Lacruz Amado, Salvador Mireia, Blanco Miren, Vidal Karmele, Goitandia Amaia M, Martinková Lenka, Kyselka Martin, de Ilarduya Antxon Martínez
Color Center, S.A. Ptge. Marie Curie 3, Nau 6, 08223 Terrassa, Spain.
Departament d'Enginyeria Química, Universitat Politècnica de Catalunya, ETSEIB, Diagonal 647, 08028 Barcelona, Spain.
Polymers (Basel). 2021 Oct 13;13(20):3526. doi: 10.3390/polym13203526.
Waterborne polyurethane-urea dispersions (WPUD), which are based on fully biobased amorphous polyester polyol and isophorone diisocyanate (IPDI), have been successfully synthesized obtaining a finishing agent that provides textiles with an enhanced hydrophobicity and water column. Grafting of trans-cyclohexanediol isobutyl POSS (POSS-OH) to the biobased polymer backbone has also been investigated for the first time and its properties compared to a standard chain extender, 1,3-propanediol (PDO). The chemical structure of WPUD has been characterized by Fourier-transform infrared spectroscopy (FTIR) and nuclear magnetic resonance (NMR). The thermal properties have been evaluated by differential scanning calorimetry (DSC) and thermogravimetric analysis (TGA). Mechanical properties have been studied by tensile stress-strain analysis. Moreover, the particle size, particle size distribution (PSD), and stability of developed waterborne dispersions have been assessed by dynamic light scattering (DLS), Z-potential, storage aging tests, and accelerated aging tests by analytical centrifuge (LUM). Subsequently, selected fabrics have been face-coated by the WPUD using the knife coating method and their properties have been assessed by measuring the water contact angle (WCA), oil contact angle (OCA), water column, fabric stiffness, air permeability, and water vapor resistance (breathability). Finally, the surface morphology and elemental composition of uncoated and coated fabrics have been studied by scanning electron microscopy (SEM) and energy-dispersive X-ray spectroscopy (EDS), respectively. All of the synthesized polyurethane-ureas provided the coated substrates with a remarkable hydrophobicity and water column, resulting in a more sustainable alternative to waterproof coatings based on fluoropolymers, such as PTFE. Grafting POSS-OH to the polymeric backbone has led to textile coatings with enhanced hydrophobicity, maintaining thermal, mechanical, and water column properties, giving rise to multifunctional coatings that are highly demanded in protective workwear and technical textiles.

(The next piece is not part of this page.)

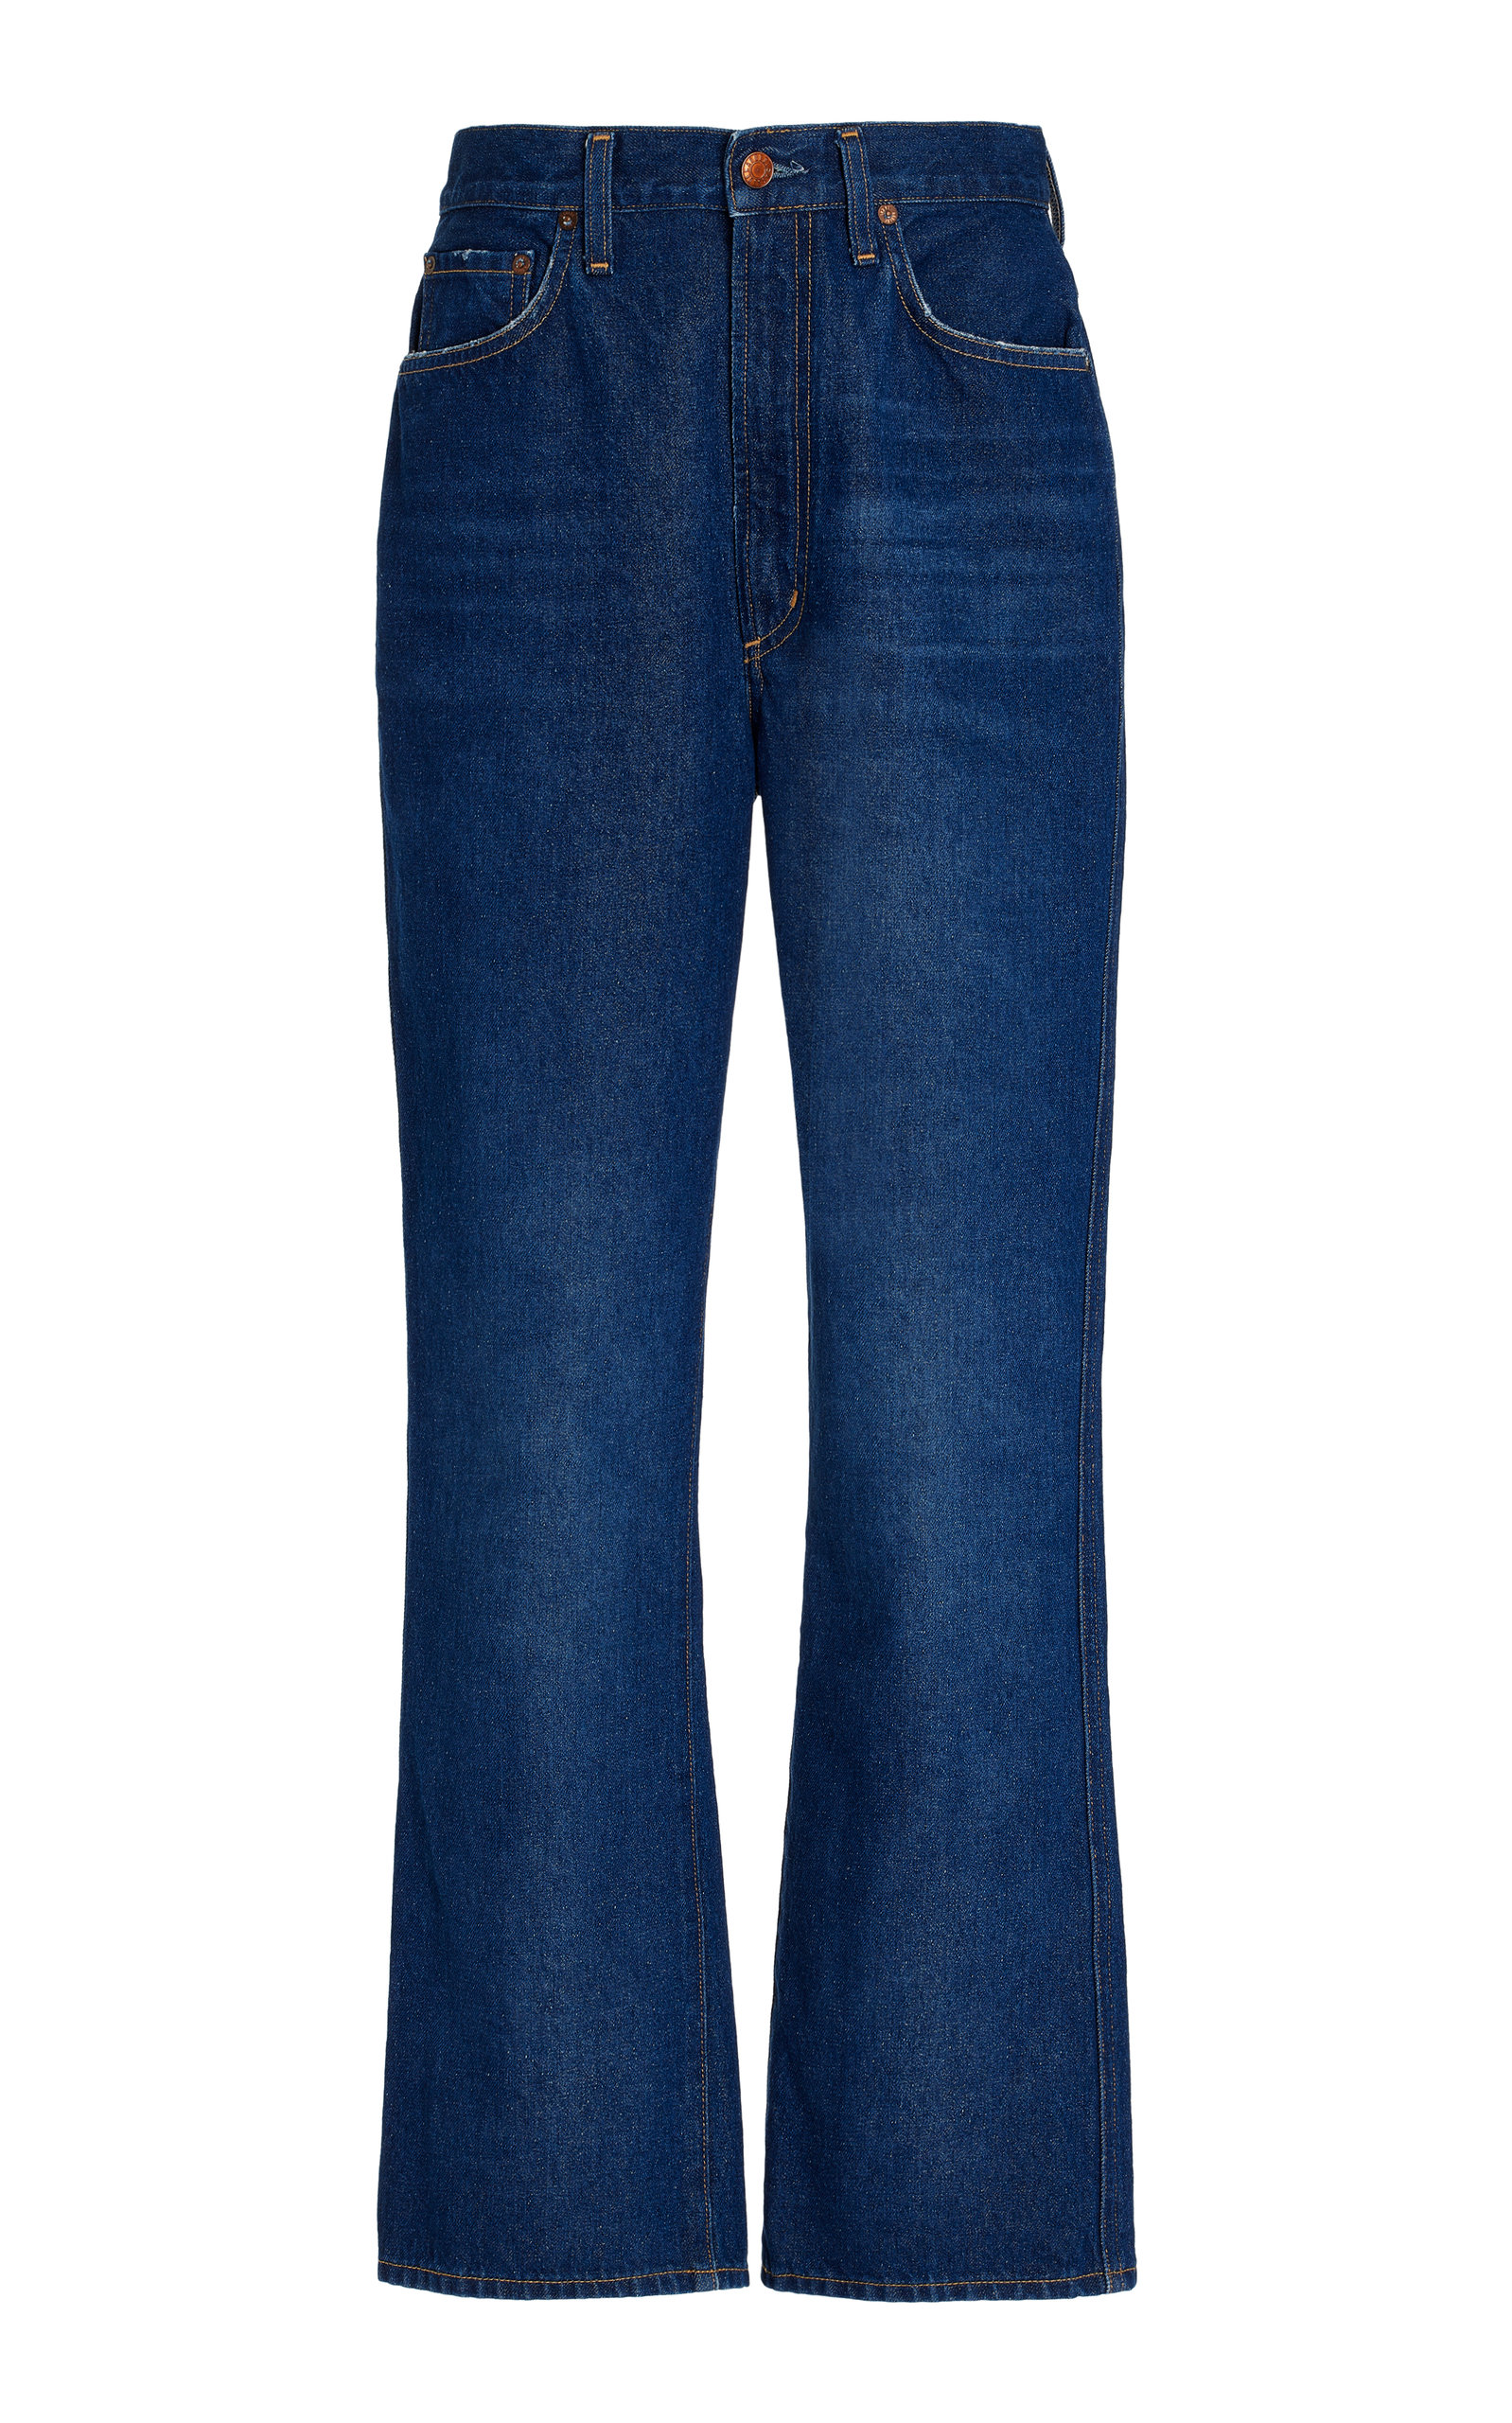 Agolde - Rigid Pinch-Waist Kick Flare Cropped Jeans - Medium Wash - 26 - Moda Operandi

基于完全生物基无定形聚酯多元醇和异佛尔酮二异氰酸酯(IPDI)的水性聚氨酯 - 脲分散体(WPUD)已成功合成,得到一种能赋予纺织品增强疏水性和水柱性能的整理剂。首次研究了将反式环己二醇异丁基倍半硅氧烷(POSS - OH)接枝到生物基聚合物主链上,并将其性能与标准扩链剂1,3 - 丙二醇(PDO)进行比较。通过傅里叶变换红外光谱(FTIR)和核磁共振(NMR)对WPUD的化学结构进行了表征。通过差示扫描量热法(DSC)和热重分析(TGA)评估了热性能。通过拉伸应力 - 应变分析研究了力学性能。此外,通过动态光散射(DLS)、Z - 电位、储存老化试验以及分析离心机(LUM)的加速老化试验评估了所制备水性分散体的粒径、粒径分布(PSD)和稳定性。随后,使用刮刀涂布法用WPUD对面料进行表面涂布,并通过测量水接触角(WCA)、油接触角(OCA)、水柱、织物硬度、透气率和耐水蒸气性(透气性)来评估其性能。最后,分别通过扫描电子显微镜(SEM)和能量色散X射线光谱(EDS)研究了未涂布和涂布织物的表面形态和元素组成。所有合成的聚氨酯 - 脲都赋予涂层基材显著的疏水性和水柱性能,从而成为基于氟聚合物(如PTFE)的防水涂层更可持续的替代品。将POSS - OH接枝到聚合物主链上产生了具有增强疏水性的纺织涂层,同时保持了热性能、力学性能和水柱性能,产生了防护工作服和工业用纺织品中高度需求的多功能涂层。